Thanks for taking a look see...Hope it opens ok!
Tjettom

http://www.tim.mcdonough.net/tjet_tom.html


----------



## Dragula (Jun 27, 2003)

VERY cool!!!!
DRAGjet


----------



## JordanZ870 (Nov 25, 2004)

Beautiful Cars! :thumbsup: They are perfect!
Thanks for the link!


----------



## Bill Hall (Jan 6, 2007)

Inspiring!
Thanx for sharing!


----------



## 1976Cordoba (Sep 20, 2000)

Excellent! :thumbsup::thumbsup::thumbsup:


----------



## tjd241 (Jan 25, 2004)

*Awesome...*

Some of the best Weekend Warriors I've ever seen. I also like the fact that you race on skinnies too (warms the heart). There is one thing wrong with your link though... NEEDS MORE PICS !!!! ... _I bookmarked this one right away... thanks for sharing it_ :thumbsup::thumbsup: nd


----------



## roadrner (Jul 21, 1999)

Still drooling!
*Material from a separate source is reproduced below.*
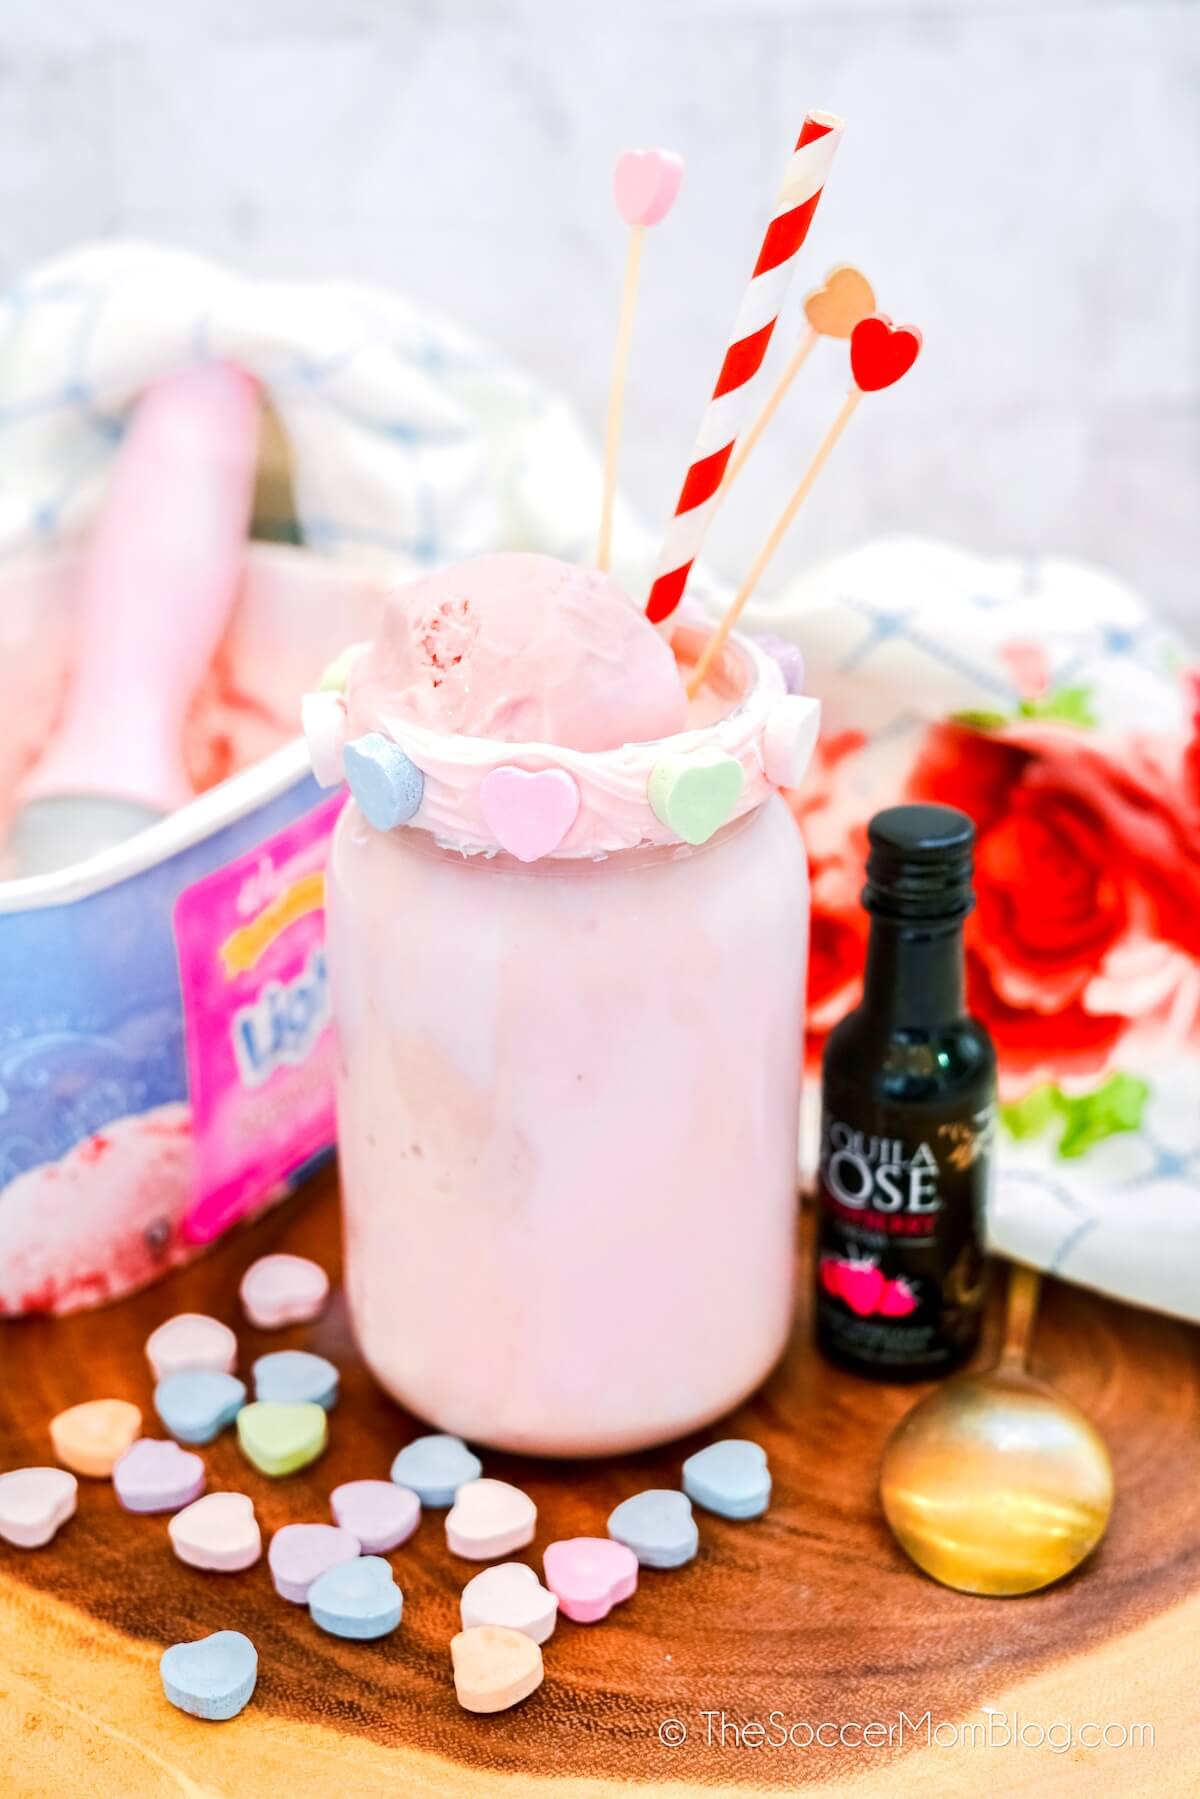 strawberry Valentine milkshake next to ice cream carton and tequila rose bottle

Great lookers. :thumbsup::thumbsup::thumbsup: rr


----------



## tomhocars (Oct 19, 2005)

Great stuff.Where has this guy been hiding? Tom


----------



## CJ53 (Oct 30, 2007)

Sweet!! What a time trip!


----------



## Hilltop Raceway (Feb 12, 2006)

It open just fine!!! Great stuff!!! I wish I could hire these guys at the shop!!! Nice detail work, Thanks for posting!!!...RM


----------



## bobhch (Apr 22, 2007)

*Sweet custom stocker buils!!!*

Thanks for the link and love the custom work done on those cars...very cOoL, VERY cOoL indeed!! :thumbsup::thumbsup:

Bob...zilla


----------